The proposal also would eliminate about 15 other tax credits, many of which are not commonly claimed.
Renters would no longer be able to claim the homestead refund, but lawmakers agreed to plow that money back into the program and boost the maximum claim for homeowners from $700 to $800.
Local governments would get a share of $45 million in state money each year after 2014 to help hold down property taxes.
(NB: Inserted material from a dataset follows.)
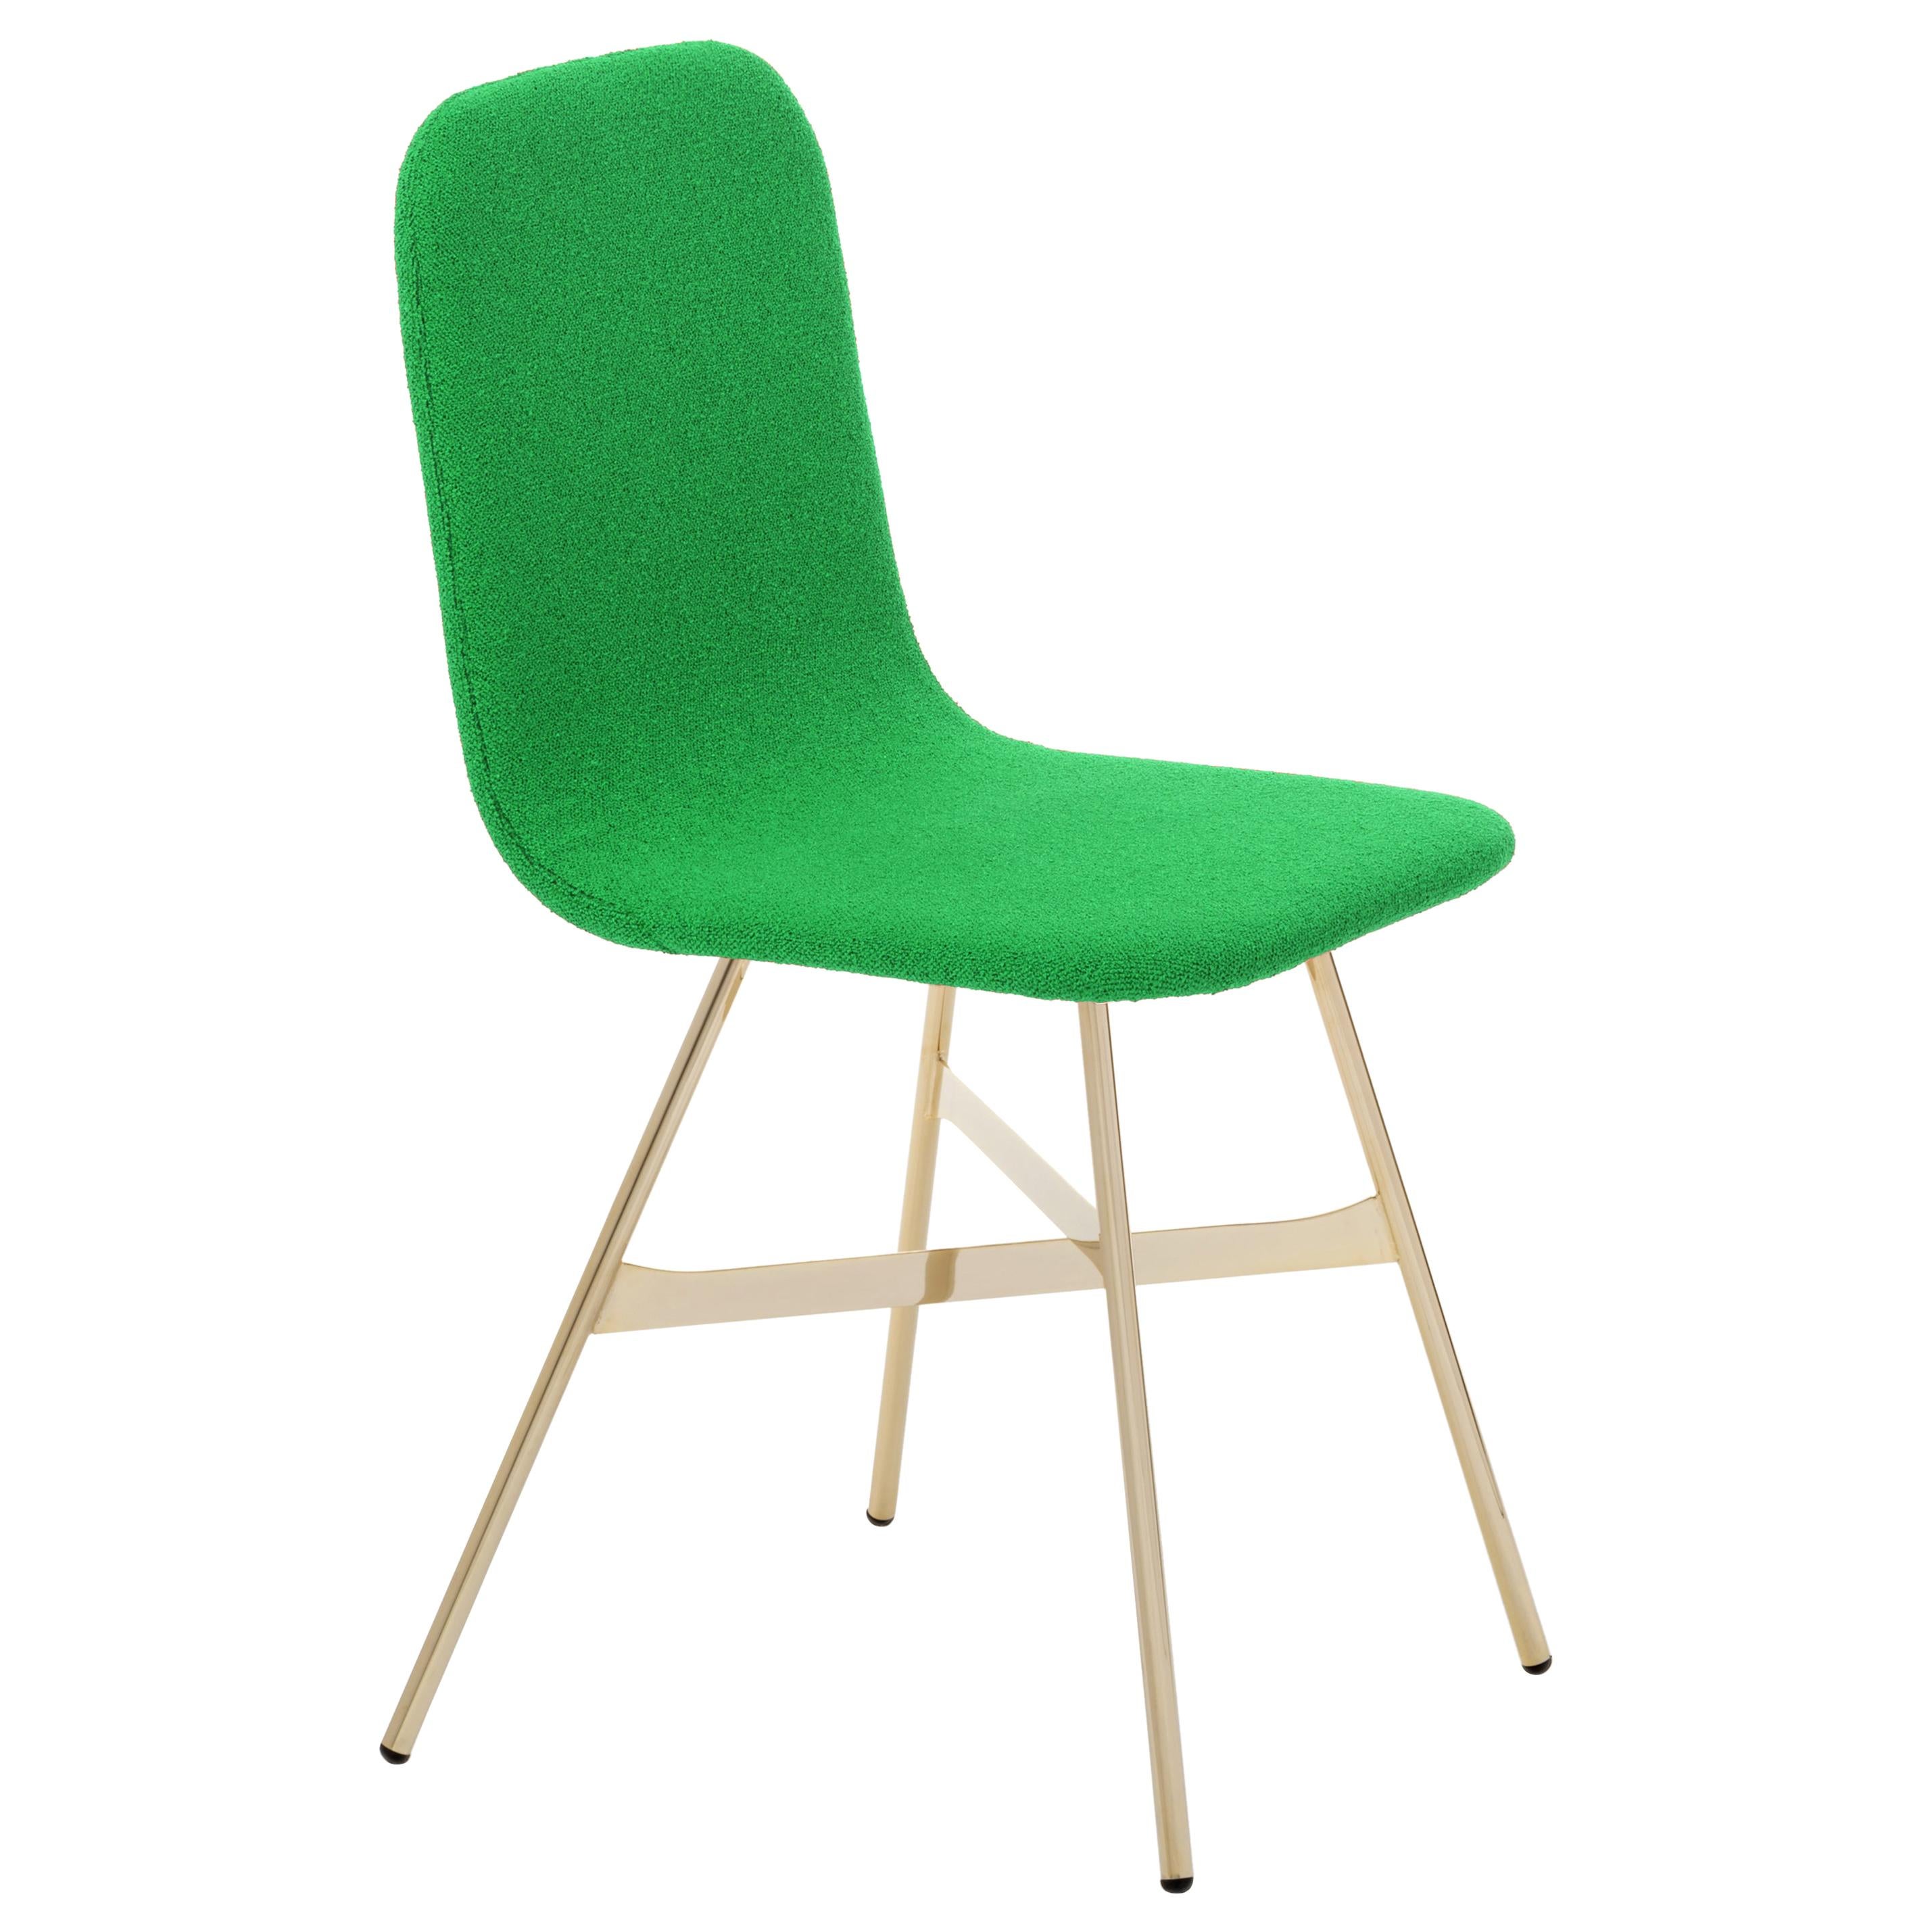 Tria Simple Chair Golden Legs Upholstered in Mint Green Velvet Made in Italy For Sale

And six-tenths of the 1 percent sales tax increase approved in 2010 would be allowed to expire in July 2013, as called for under current law.
The tax cuts are partially paid for by eliminating severance tax exemptions for oil drillers that produce more than 150 barrels a day in new oil fields.
On Brownback’s desk
The bill would eliminate taxes on most businesses in its first year and drop individual income tax rates to 3 percent and 4.9 percent. It was projected to produce a budget deficit of more than $2 billion by 2018.
It repeals about a dozen tax credits that aren’t commonly used, and it would increase the standard deduction for heads of household from $4,500 to $9,000, reducing the need for some taxpayers to itemize deductions.
It would end severance tax exemptions for oil drillers who produce more than 50 barrels of oil per day from new oil fields.